La década de los noventa: ¿un verdadero cambio de rumbo?

A partir de agosto de 1990, las reglas de juego parecen haber cambiado totalmente de tendencia. La política económica aplicada por el gobierno de Fujimori ha consistido en la eliminación de una serie de privilegios de los que gozaban ciertos grupos de presión, traducidos en controles de precios, elevados aranceles, exoneraciones tributarias, crédito subsidiado, etc. Desde un inicio de su gobierno, Fujimori procedió a la apertura comercial, la apertura financiera, la flexibilización del mercado de trabajo, la privatización de empresas públicas, y la aplicación de políticas macroeconómicas ortodoxas. Como consecuencia de estas políticas, el déficit público se redujo de 6.8% del PBI en 1990 a 0.9% en 1998, las reservas internacionales netas aumentaron de US$-105 millones en julio de 1990 a US$9,183 millones en diciembre de 1998, la inflación se redujo de 7,481% en 1990 a sólo 6% en 1998, la inversión privada aumentó de 12.9% del PBI en 1990 a 20.8% en 1998, y el producto bruto interno ha mostrado tasas positivas de crecimiento desde 1993.

Aparentemente, estas cifras muestran que la década de los noventa ha significado para el Perú un rompimiento con su tradicional historia de mercantilismo y concesión de privilegios. Sin embargo, esta política no se ha logrado sobre la base de una negociación amplia. Este gobierno más bien ha impuesto las reglas de juego sobre los intereses de algunos grupos de presión, tales como sindicatos de trabajadores, gremios empresariales y partidos políticos, y no ha apelado a la negociación ni al debate con los representantes de la sociedad civil. Empero, no podemos negar que como consecuencia de la concentración del poder político en las manos de Fujimori, el gobierno ha emprendido varias reformas en forma rápida, sin mayor obstáculo. El autogolpe de Estado en abril de 1992, la Constitución de 1993, la sumisión de los parlamentarios de Cambio 90 y Nueva Mayoría a los deseos de Fujimori y la restricción de la libertad de prensa así lo han permitido. Sin embargo, la misma concentración del poder también permitiría un cambio total de reglas de juego si así lo desea el Presidente de turno, por lo que habría que depender de su benevolencia y su sabiduría.
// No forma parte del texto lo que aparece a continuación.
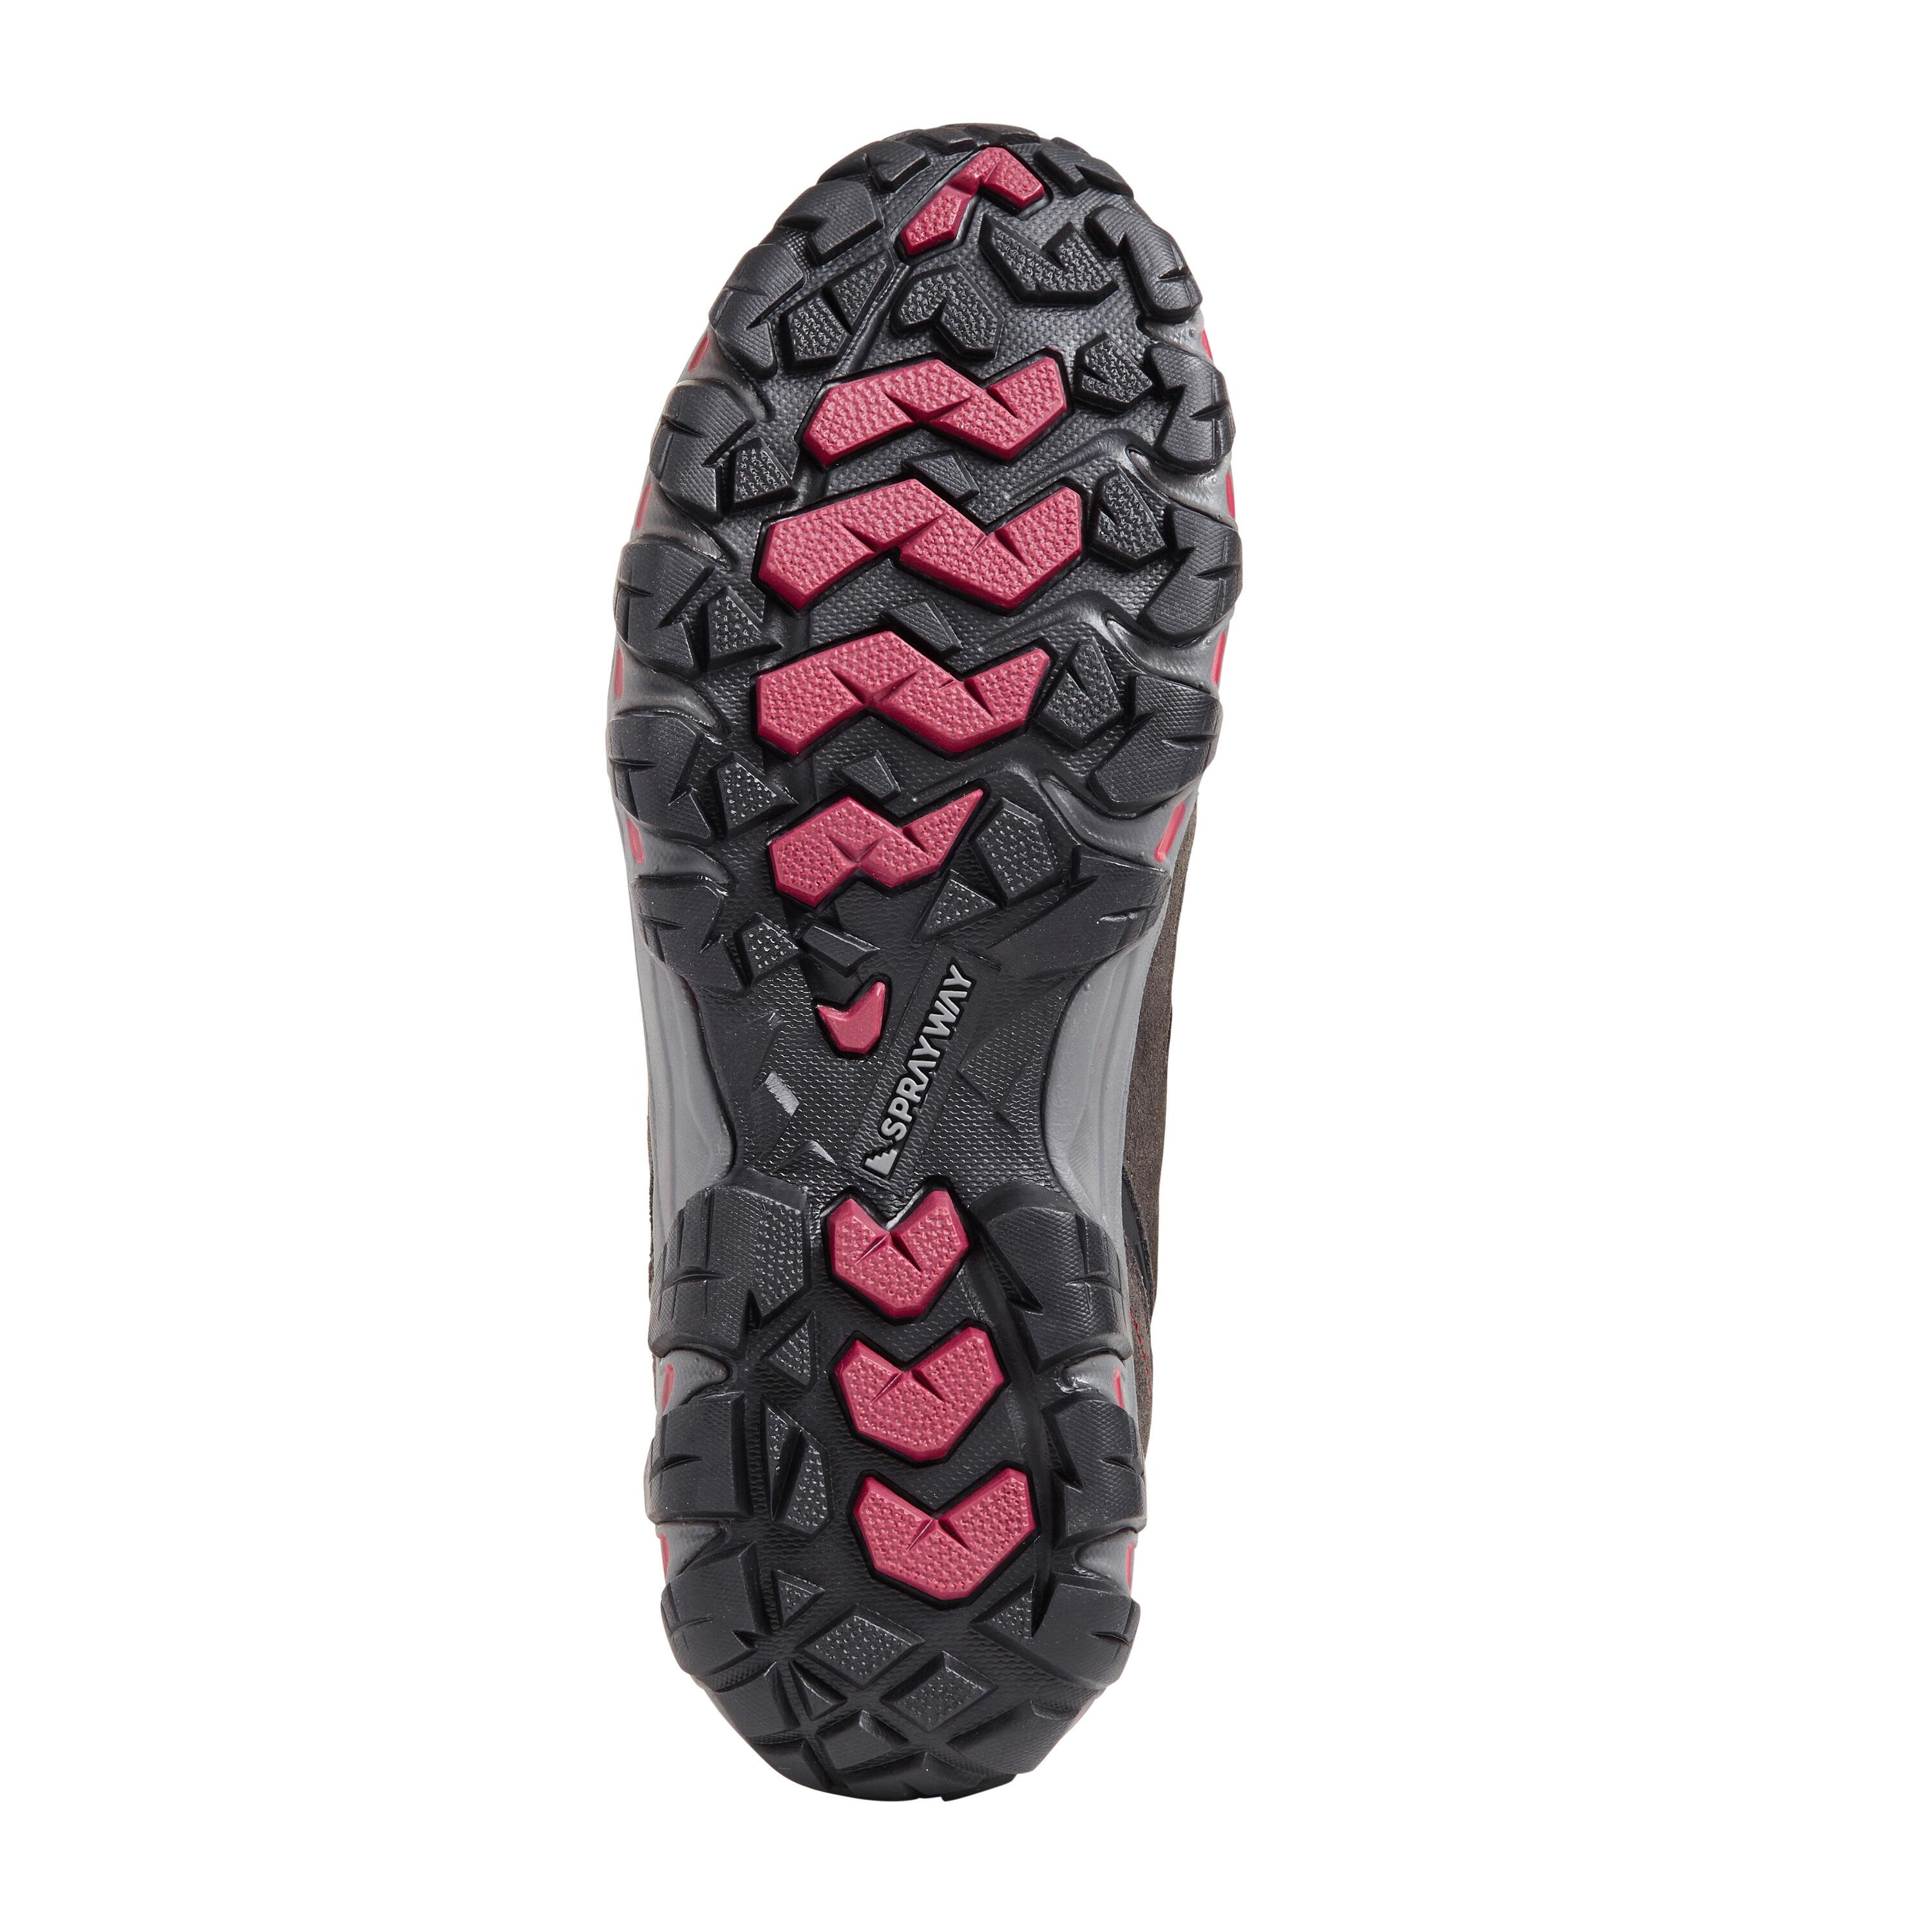 Women's waterproof walking boots - Sprayway Iona mid - Black 5/5

Por otro lado, por más que se hayan aplicado algunas medidas importantes que han llevado a la reducción del déficit público y de la inflación, aún hacen falta varias reformas que incentiven la inversión privada y el crecimiento económico. Es vital continuar con el proceso de privatizaciones y concesiones, con la reforma del Estado y con una mejor definición de los derechos de propiedad en sectores como el agropecuario. Sólo entonces, lograremos un mayor flujo de inversiones a proyectos de largo alcance y no sólo capitales especulativos. Pero para continuar con estas reformas estructurales, es necesario llegar a consensos mínimos con los representantes de los diferentes sectores de la sociedad, llámense gremios empresariales, sindicatos de trabajadores, organizaciones populares, comunidades campesinas, partidos políticos, etc. En caso contrario, quienes hoy son marginados del debate, desearán modificar casi totalmente las reglas de juego bajo la concepción de que la única manera de mejorar su situación es con “reinvindicaciones” a costa de quienes hoy imponen las medidas económicas. Esto es más grave si consideramos que hoy en día los partidos políticos son mucho menos representativos que en el pasado. La alianza Cambio 90-Nueva Mayoría por ejemplo es una organización política mucho más caudillista y verticalista que los partidos políticos “tradicionales”.

En consecuencia, si realmente queremos sentar las bases para el desarrollo económico del país, desterrando para siempre las políticas mercantilistas y populistas, debemos apostar por la desconcentración del poder, por la organización de la sociedad en torno a partidos políticos efectivamente representativos y por la negociación y el debate entre los diferentes sectores de la sociedad civil. Sólo así, evitaremos que el Presidente de turno aplique las medidas que mejor le parezcan y que los grupos marginados presionen por políticas mercantilistas y populistas cuando no por el cambio total de las reglas de juego.